### Your objective
Return the listing exactly as it appears, but strip out the images.

### Recorded information
§

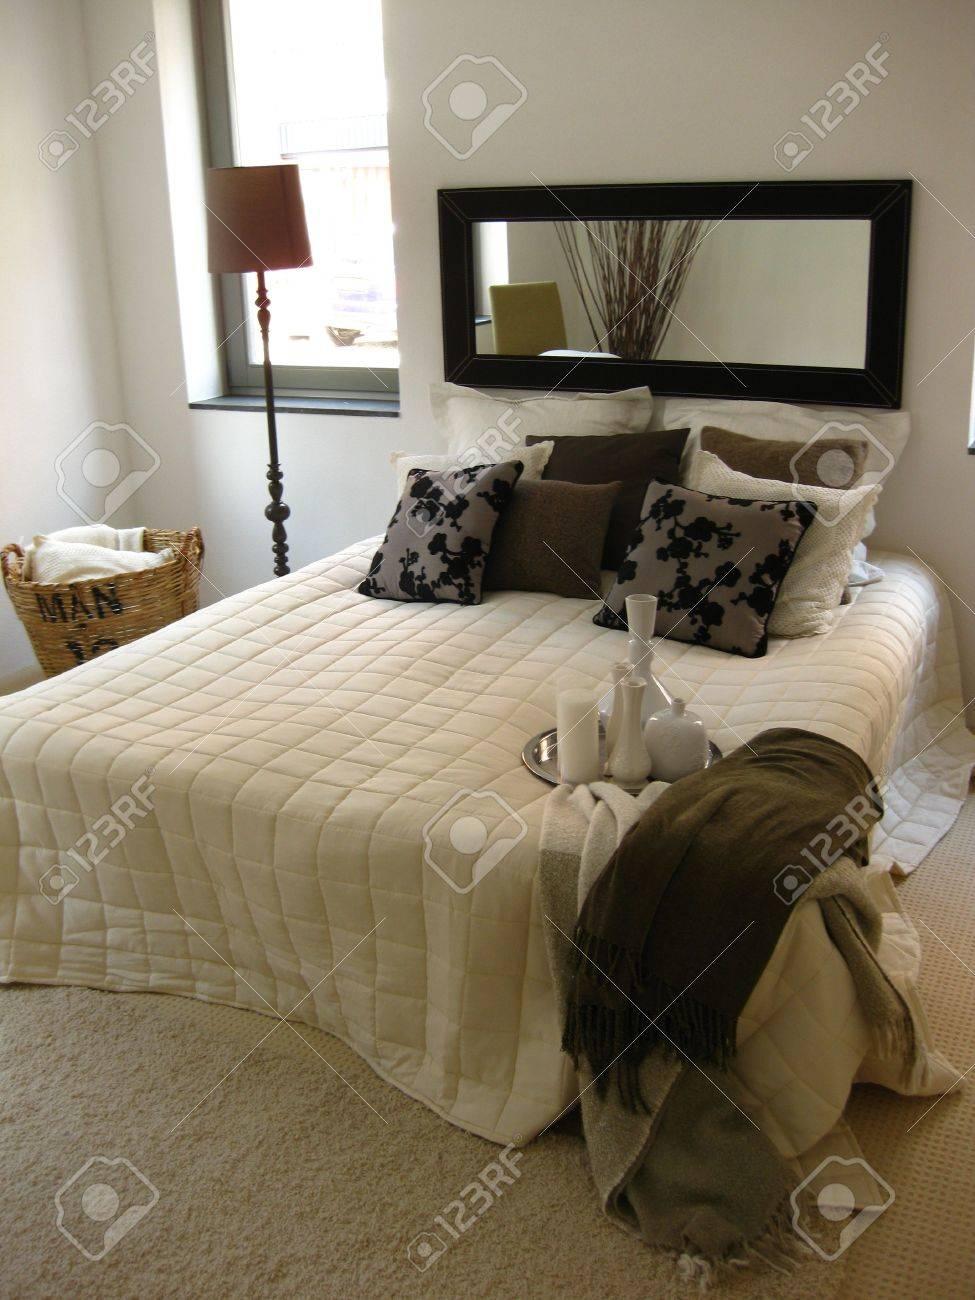 Bedroom interior Stock Photo - 5001012
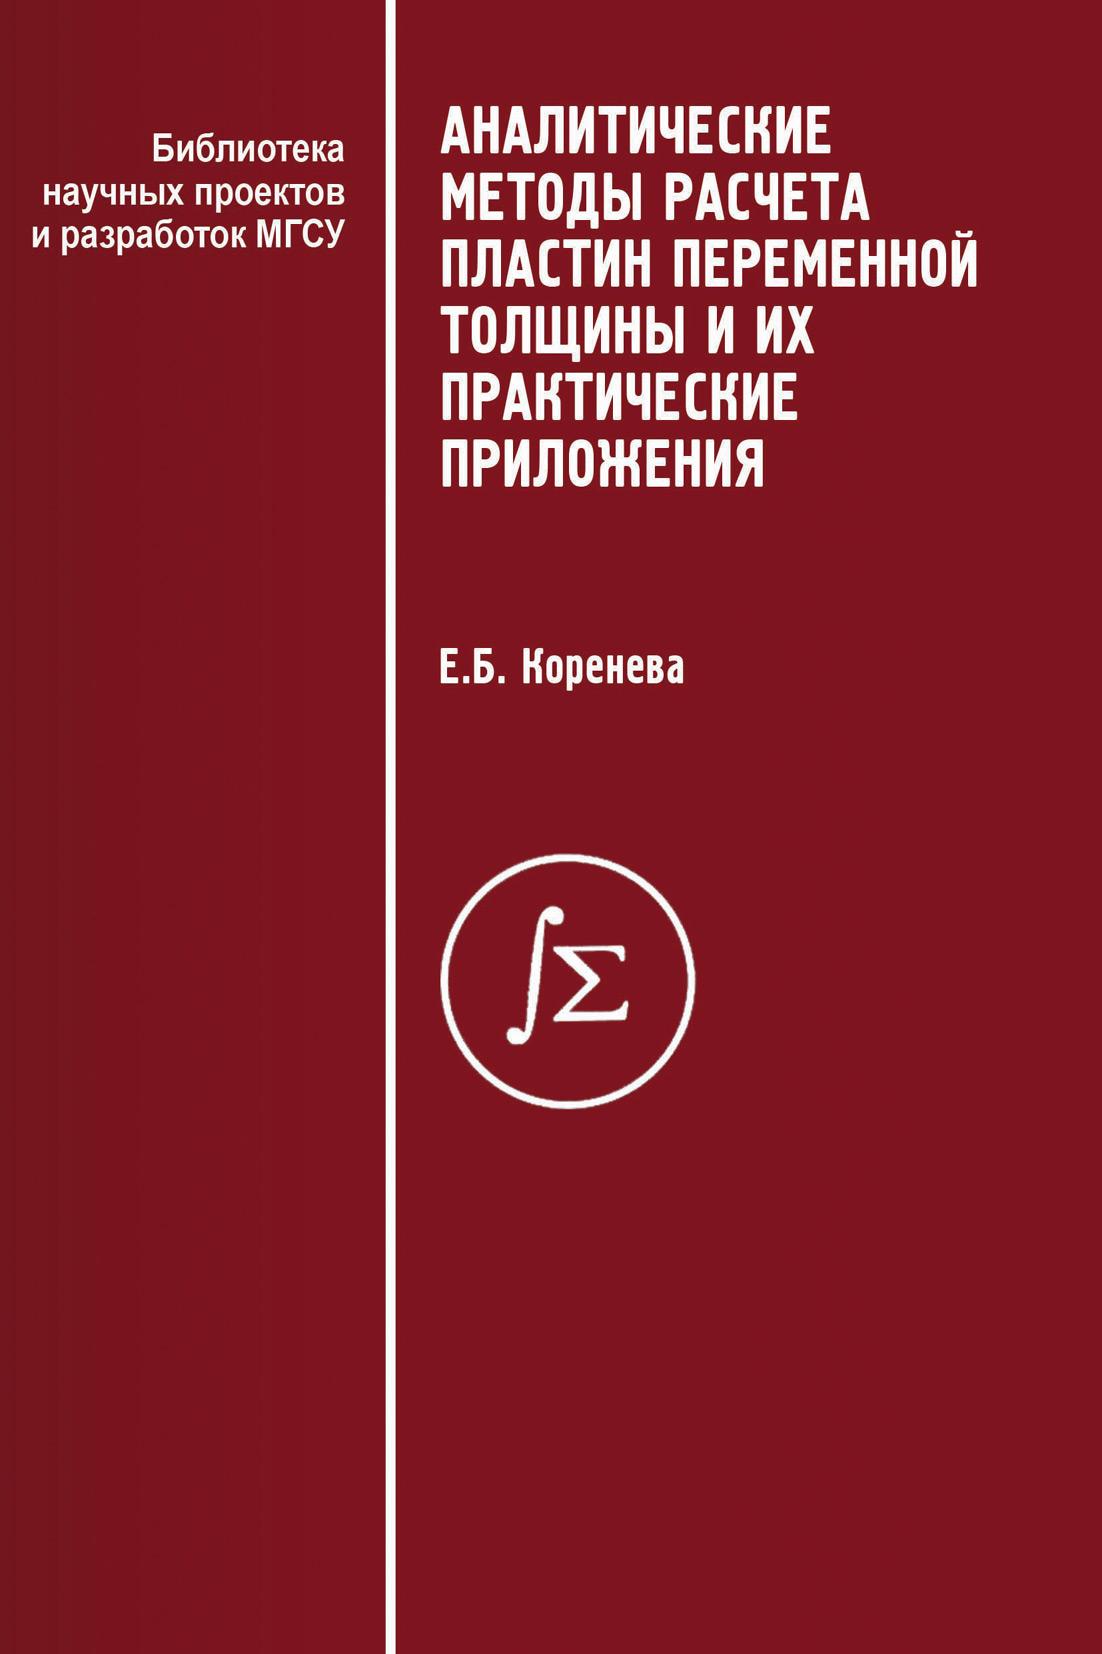 Е. Б. Коренева Аналитические методы расчета пластин переменной толщины и их практические приложения
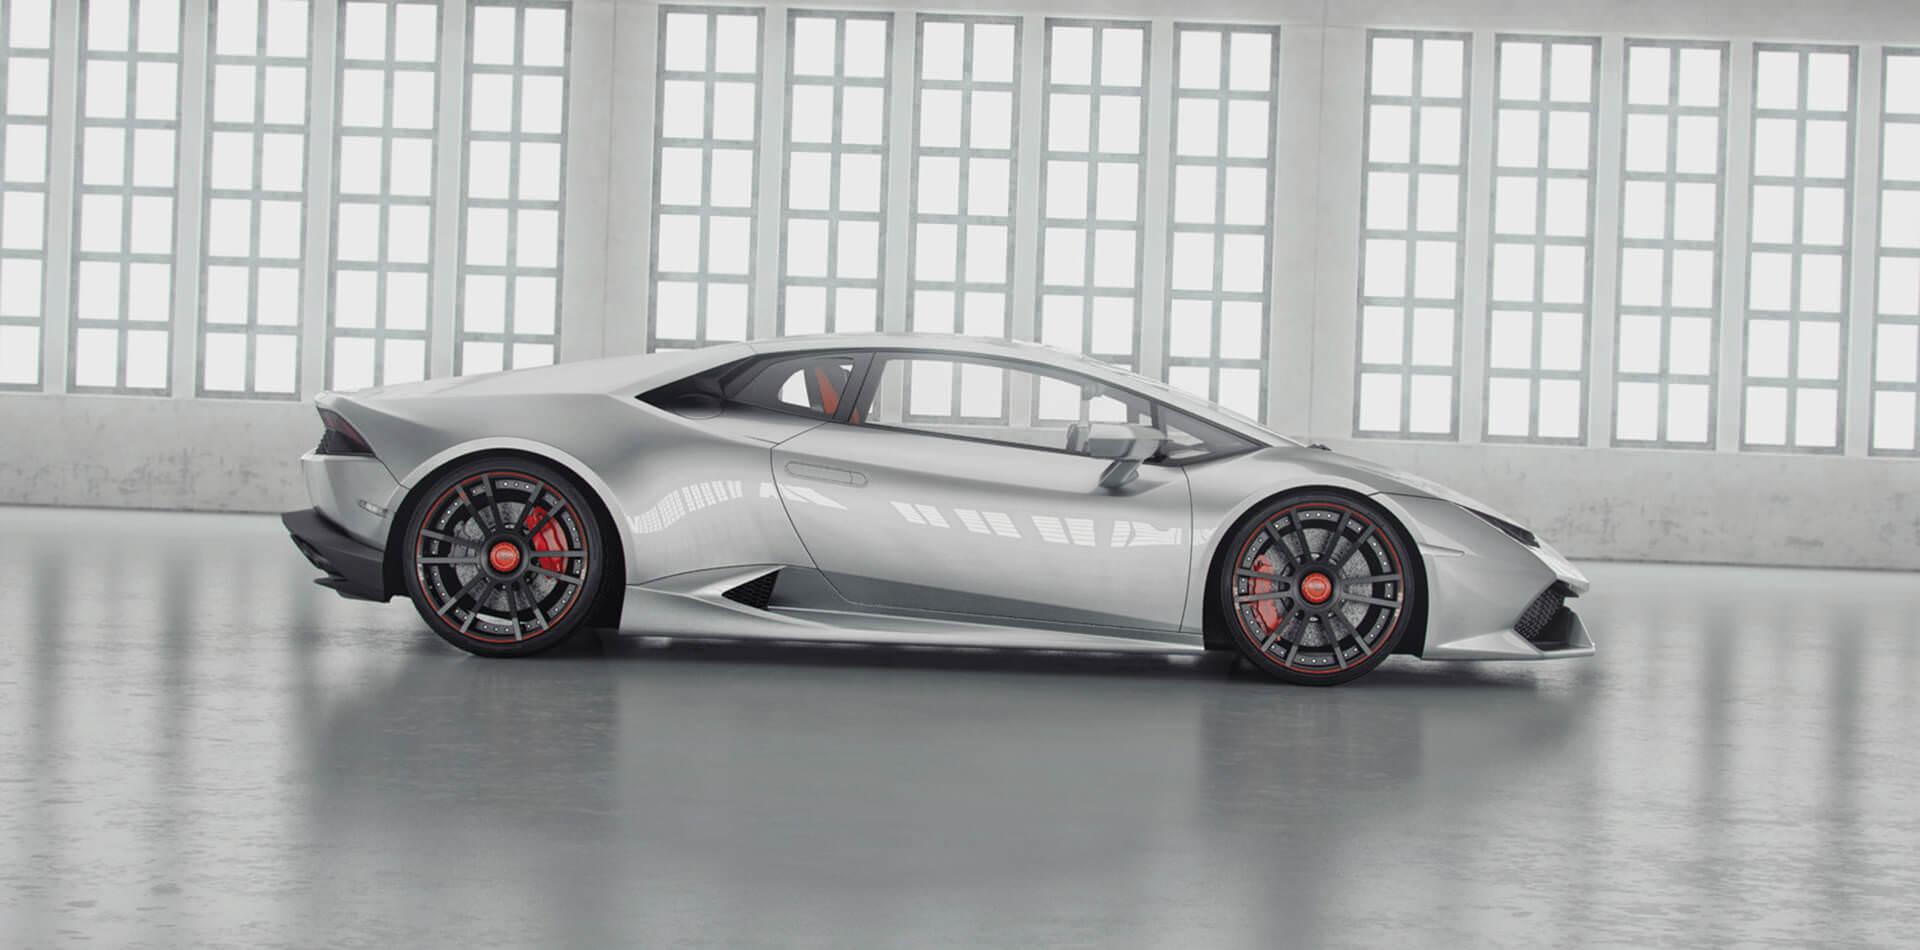 Fahrwerk_Huracan_Lamborghini-1
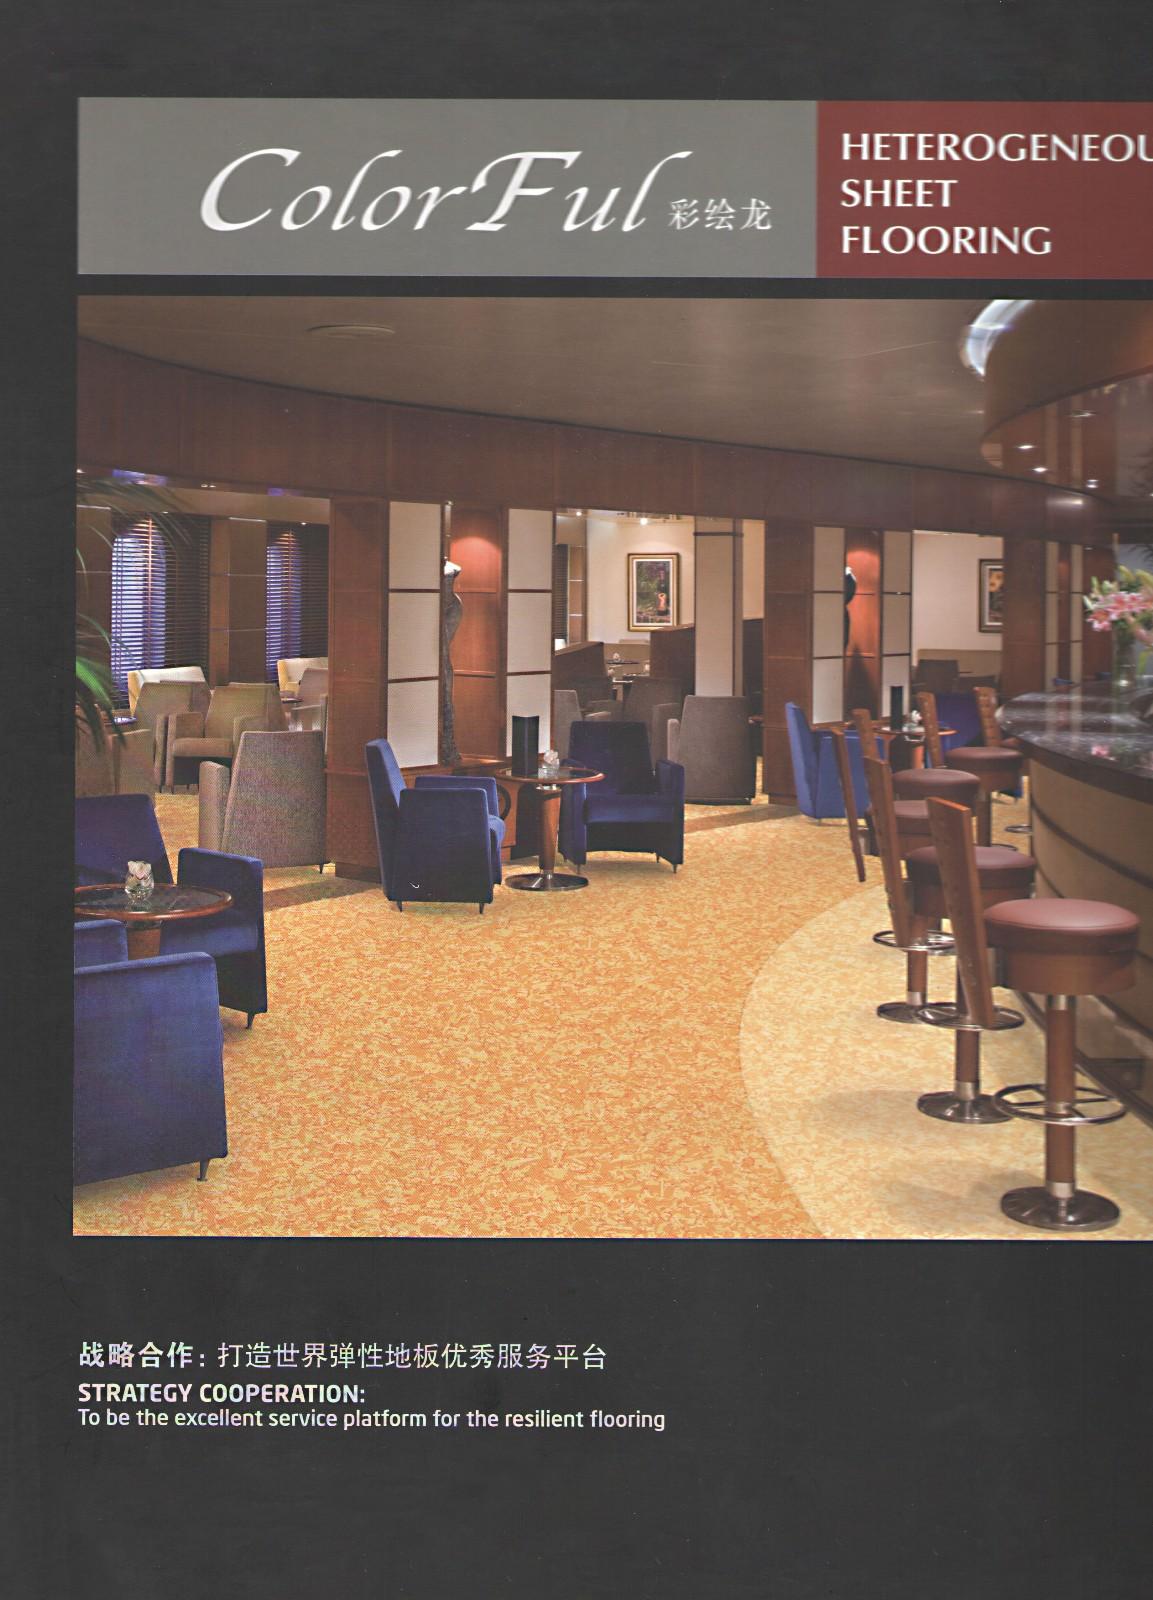 大巨龙彩绘龙PVC地板 大巨龙系列-陕西棋牌挣钱建材有限责任公司

§

### Completed exercise
 Bedroom interior Stock Photo - 5001012
 Е. Б. Коренева Аналитические методы расчета пластин переменной толщины и их практические приложения
 Fahrwerk_Huracan_Lamborghini-1
 大巨龙彩绘龙PVC地板 大巨龙系列-陕西棋牌挣钱建材有限责任公司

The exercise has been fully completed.